SF: What does your typical writing day look like?
PW: Up at five, write until nine. Edit, repeat.
SF: What are you reading right now?
PW: The Big Over Easy by Jasper Fforde. It's a crime novel, a police procedural, set in a fantasy universe where nursery rhyme characters are real. So in this first of Fforde's new series the victim, Humpty Dumpty, has a great fall...or was he pushed? It gets pretty far out by the end of the book. Something your readers may get a kick out of reading.
SF: What authors have inspired you the most?
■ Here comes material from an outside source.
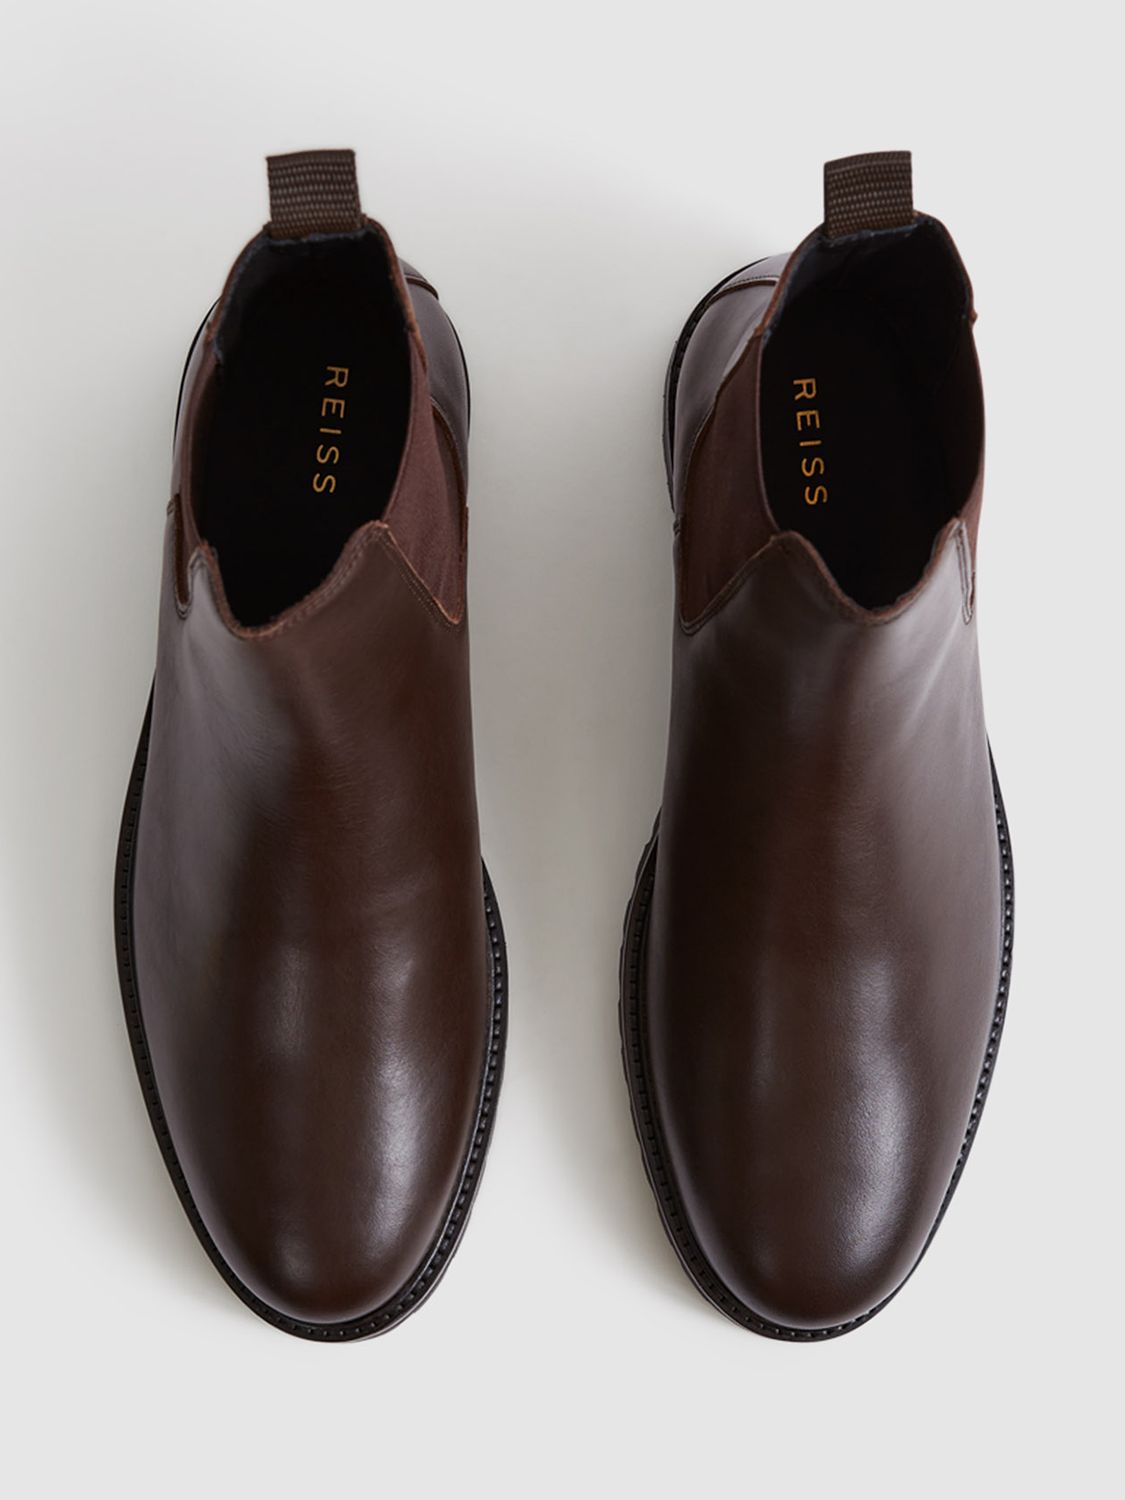 Reiss Chiltern Chelsea Boots, Chocolate at John Lewis & Partners

PW: Walter Moseley, Octavia Butler, Ann Petry (an African American writer of the 1940s who wrote an awesome book, The Street, which was the first book by a black woman to sell over 1 million copies)
SF: Since Far Sector is a magazine of speculative fiction, I must ask what writers/filmmakers of science fiction, fantasy, or horror do you most enjoy?
PW: As I said, Octavia Butler, but also Ursula LeGuin. I was also a big fan of J.R.R. Tolkein, Isaac Asimov, Robert Heinlein, and Frank Herbert in college
SF: What are you working on right now?
PW: A couple of short stories that features a cop gone bad. Not sure if he'll end up being Steve Firestone, but a guy with Steve's kinds of issues.
SF: Paula, is there anything else you would like our readers at Far Sector SFFH to know?
PW: I've got a sweepstakes on my web site that will provide one lucky winner with a weekend in Los Angeles and a tour of locations in Strange Bedfellows and the other books. You can find information on my web site at www.woodsontheweb.com.